Glutathione Deficiency: Therapeutic Target in Human Immunodeficiency Virus Infection
Sean K. Waterson, B.Sc.1
It has been demonstrated that asymptomatic persons infected with the human immunodeficiency virus (HIV) have significantly reduced levels of extracellular glutathione.1 Serum glutathione was only one-third of the level of healthy controls. The level of glutathione (GSH) in lung epithelial lining fluid was only 60% of that in controls. All subjects were non-smokers.

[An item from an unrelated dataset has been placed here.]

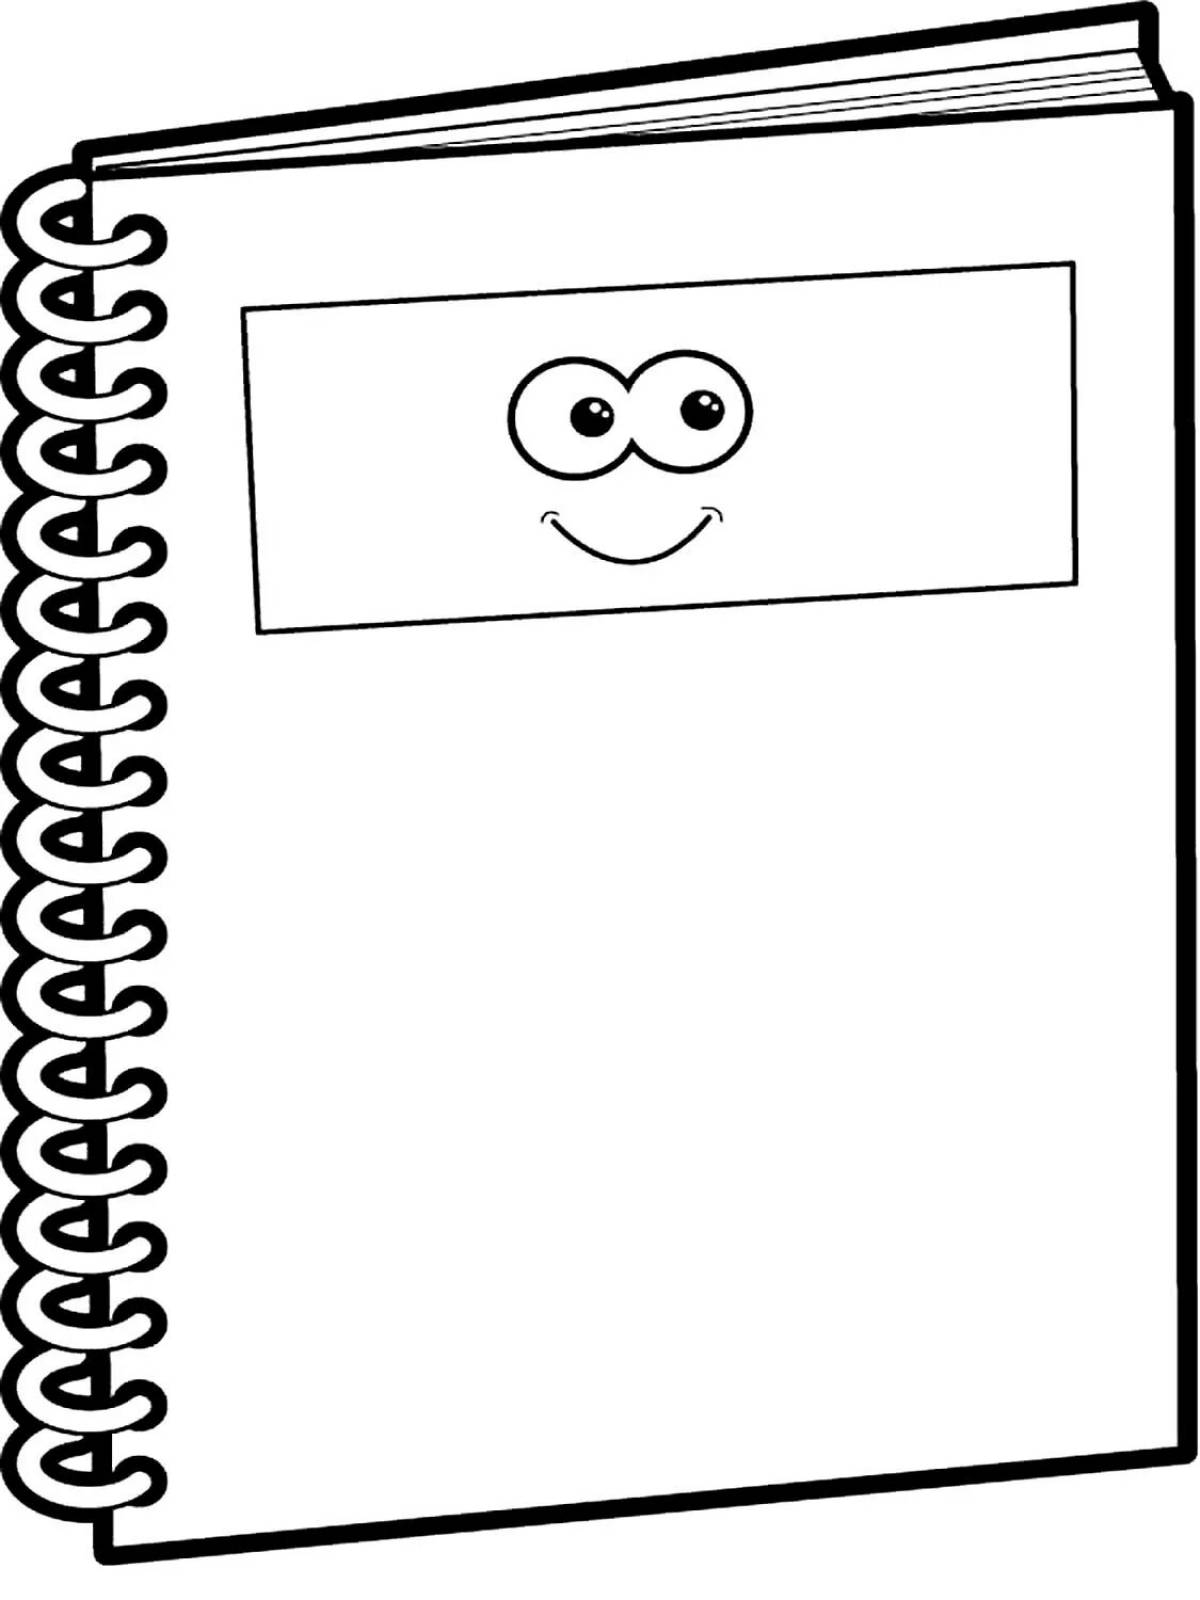 Children's notebook #23
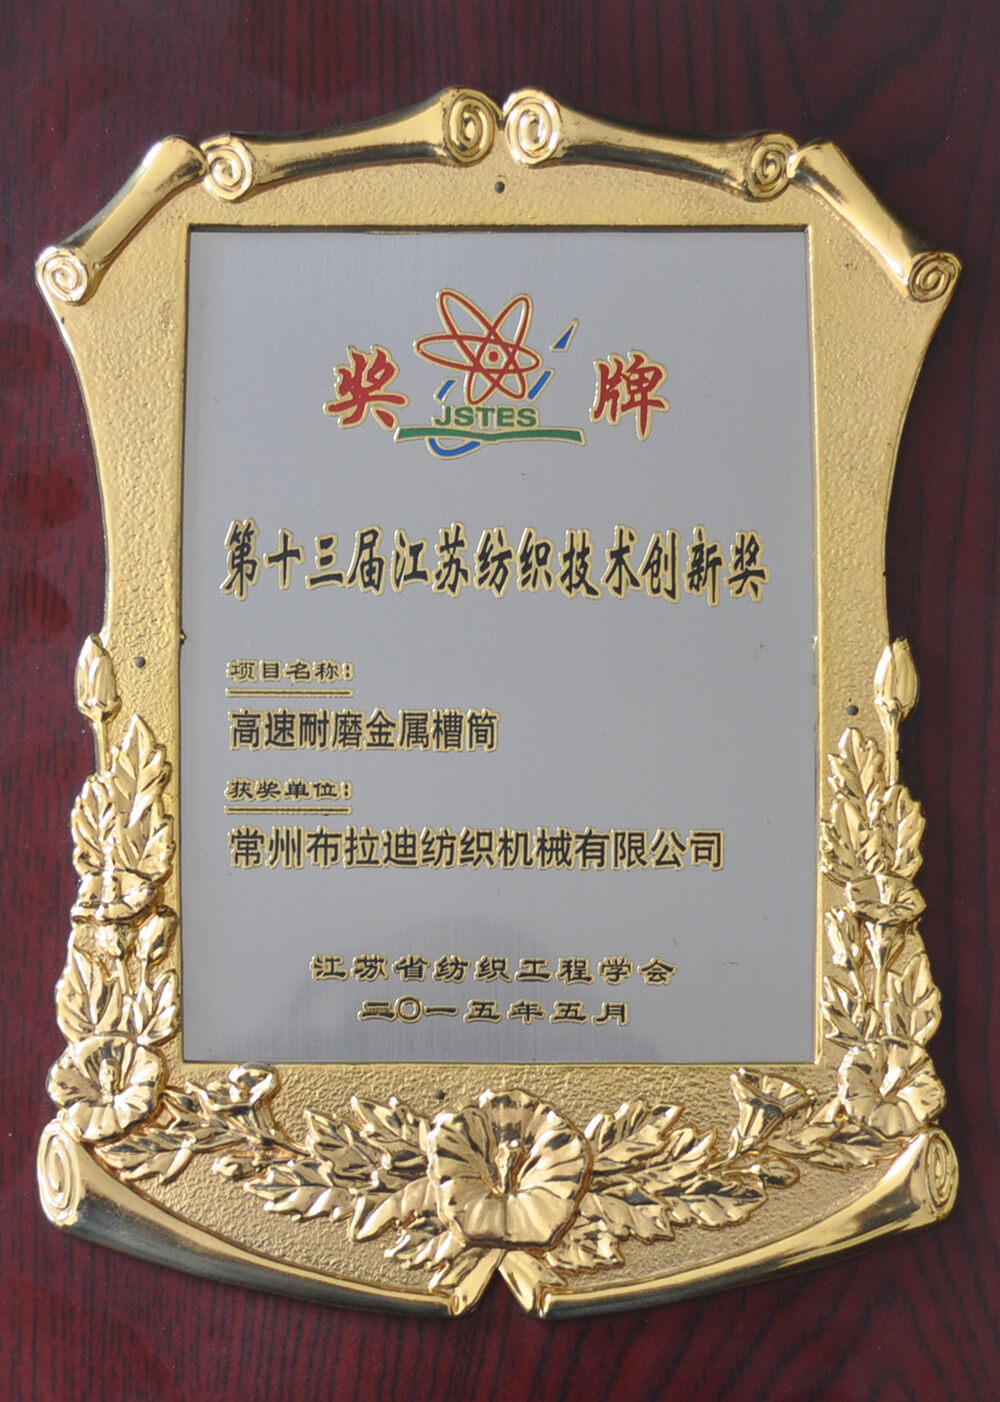 第十三届江苏纺织技术创新奖

It was initially thought that the immune dysfunction seen in acquired immune deficiency syndrome (AIDS) was solely due to increased mortality of infected helper T-cells. However, it is becoming increasingly clear that other factors must contribute to a complex dysregulation of normal immune function.2,3,4
Glutathione plays an important role in protecting cells from oxidative stress and in maintaining normal immune response. The documentation of severe GSH deficiency in HIV infection raises urgent therapeutic questions.
Background
Glutathione is a tripeptide formed from cysteine, glutamate and glycine. Glutathione is the most abundant intracellular low-molecular weight sulfur-containing compound in almost every aerobic organism ever studied.5
GSH is synthesized intracellularly in two steps:6
1) L-glutamate + L-cysteine + ATP =
gamma-L-glutamyl-L-cysteine + ADP + Pi
2) gamma-L-glutamyl-L-cysteine + glycine + ATP = gamma-L-glutamyl-L-cysteinyl glycine + ATP + Pi
The first reaction is catalyzed by gamma-glutamyl-cysteine synthetase and the second by glutathione synthetase. The first reaction is considered to be the rate-limiting step and it may depend on intracellular levels of cysteine which are generally an order of mag-
1. Canadian College of Naturopathic Medicine, 60 Berl Avenue, Toronto, ON, Canada M8Y 3C7.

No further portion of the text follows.